Plant science 2015 v.231 pp. 173-183
Prunus salicina, active sites, alpha-N-arabinofuranosidase, alternative splicing, amino acid sequences, complementary DNA, ethylene, ethylene production, fruiting, genes, messenger RNA, nucleotide sequences, plant tissues, plums, ripening, transcription (genetics)

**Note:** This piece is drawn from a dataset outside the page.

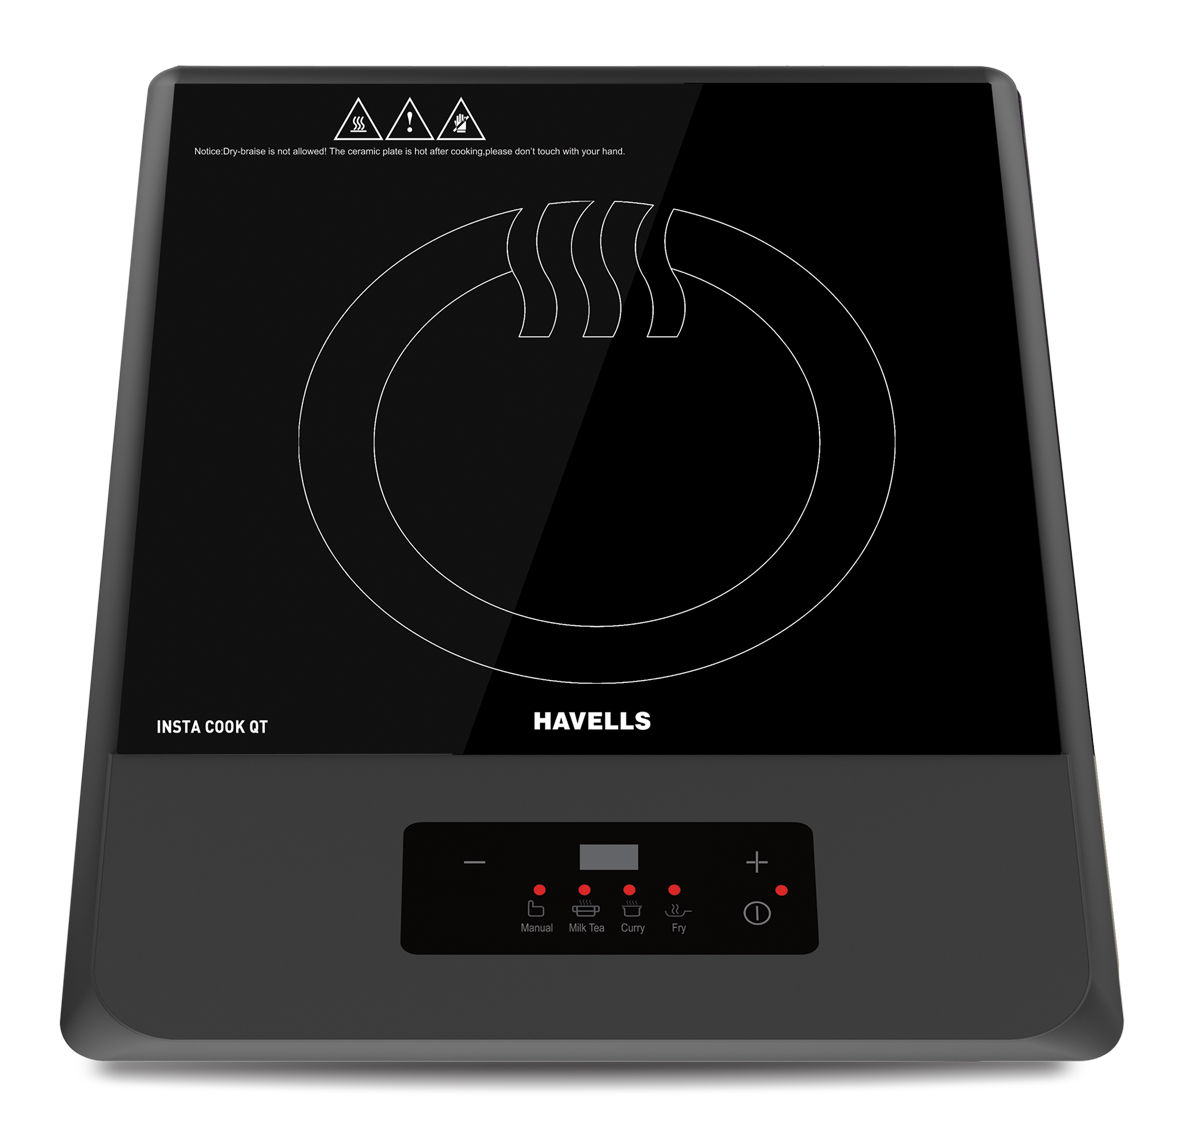 Havells Insta Cook QT 1200 W Induction Cooker

A full-length cDNA clone named PsARF/XYL was obtained from Prunus salicina Lindl., and determined to encode a putative α-l-arabinofuranosidase/β-d-xylosidase belonging to glycoside hydrolase (GH, EC 3.2.1.-) family 3. Two related PsARF/XYL cDNAs were amplified, one from a fully-spliced transcript (PsARF/XYLa) and another one from an intron-retained transcript (PsARF/XYLb). The protein deduced from PsARF/XYLb is a truncated peptide at C-terminus that conserves the active-site amino acid sequence. High levels of PsARF/XYLa and PsARF/XYLb transcripts are detectable in several plant tissues. PsARF/XYLb transcripts accumulate progressively during the phase of exponential fruit growth but they become barely noticeable during on-tree ripening, or after a 6-h exposure of preclimacteric full-size plums to ethylene. In contrast, PsARF/XYLa is expressed throughout fruit development, and transcript accumulation parallels the climacteric rise in ethylene production during ripening. PsARF/XYLa expression is strongly induced in preclimacteric full-size plums after a 6-h treatment with physiologically active concentrations of ethylene. These findings suggest that PsARF/XYL gene is post-transcriptionally regulated by alternative splicing during development and that ethylene may be involved in this regulation. The isolation of a partial cDNA clone, PsARF1, is also reported. It encodes a putative cell-wall α-l-arabinofuranosidase, and its transcription is rapidly inhibited by ethylene in mature green plums.